# Does store bought juice need to be steeped?



## Nico_gti (27/7/16)

Hi All, 

was wondering if you should steep store bought e-juice or is it good to go from the time you buy it?
I got myself a bottle of Debbie Does Doughnuts and used it straight away and had great flavor so I was just a bit curious about other juices.

Thanks.


----------



## Stosta (27/7/16)

Nico_gti said:


> Hi All,
> 
> was wondering if you should steep store bought e-juice or is it good to go from the time you buy it?
> I got myself a bottle of Debbie Does Doughnuts and used it straight away and had great flavor so I was just a bit curious about other juices.
> ...


It all depends on how long it took to leave the store.

A juice maker might be able to make a juice and get it to the vendor the next day, then you walk in and buy it, but it's now only 3 days old. But maybe it has been on the shelf for a while and has therefore had plenty of time to steep.

In short, yes, it is possible that a store-bought juice needs more steeping

Reactions: Agree 1 | Informative 2


----------



## PsiSan (27/7/16)

Mostly not most vendors pre-steep them, but I have bought once or twice where the juice clearly needed more steeping time.

Reactions: Agree 1 | Informative 1


----------



## Modulas (27/7/16)

I'd imagine that some store bought juice might even be _past_ its prime by the time we buy it.
Especially juices at places like tobacco shops in shopping malls. Who knows how many months that R300 bottle of imported juice sat on the shelf before you bought it?

Reactions: Agree 1


----------



## Jan (27/7/16)

Modulas said:


> I'd imagine that some store bought juice might even be _past_ its prime by the time we buy it.
> Especially juices at places like tobacco shops in shopping malls. Who knows how many months that R300 bottle of imported juice sat on the shelf before you bought it?


Possible but not likely. In my experience a juice can take a lot before you really start to notice a degrade

Reactions: Agree 2


----------



## Zeki Hilmi (27/7/16)

Our juice is steeped for a minimum of 4 weeks before it is released to the vendor or the public. I've heard people complain in the past about juice being dark. Dependant on the juice but usually fresh juice is quite light in appearance.
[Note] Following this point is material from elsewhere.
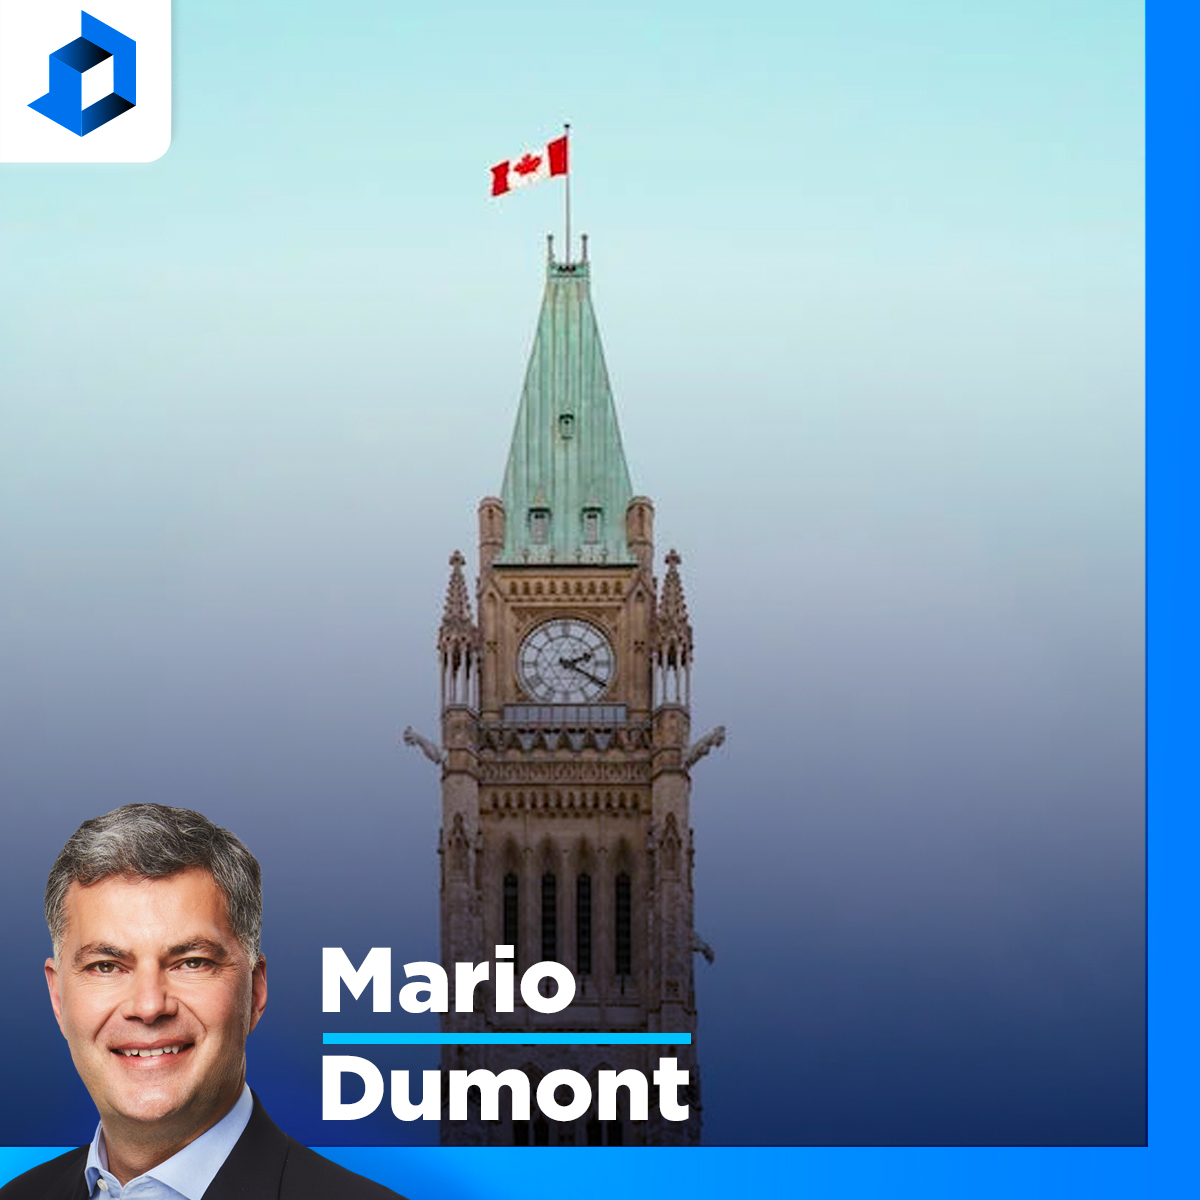 Programme dentaire : «Il y a comme une image de M. Trudeau, de manque de rigueur», dit Mario Dumont

Reactions: Like 1 | Winner 1


----------



## Silver (28/7/16)

I have moved this thread to "who has stock" so vendors can discuss their juices if they choose to

@Nico_gti , in my experience most juices I have bought have been good to vape immediately

However some vendors mix up special requests (eg when requesting higher mg). Also, Vapour Mountain has for a long time been mixing upon ordering. In these cases, I find i need to let the juice sit for a week or two first to get the best flavour.

Reactions: Agree 1 | Informative 1


----------



## Nico_gti (28/7/16)

Thanks everyone.
Been having this 'debate' with friends over the last few days.
Hopefully some of the vendors or manufacturers will be able to shed some light on this.


----------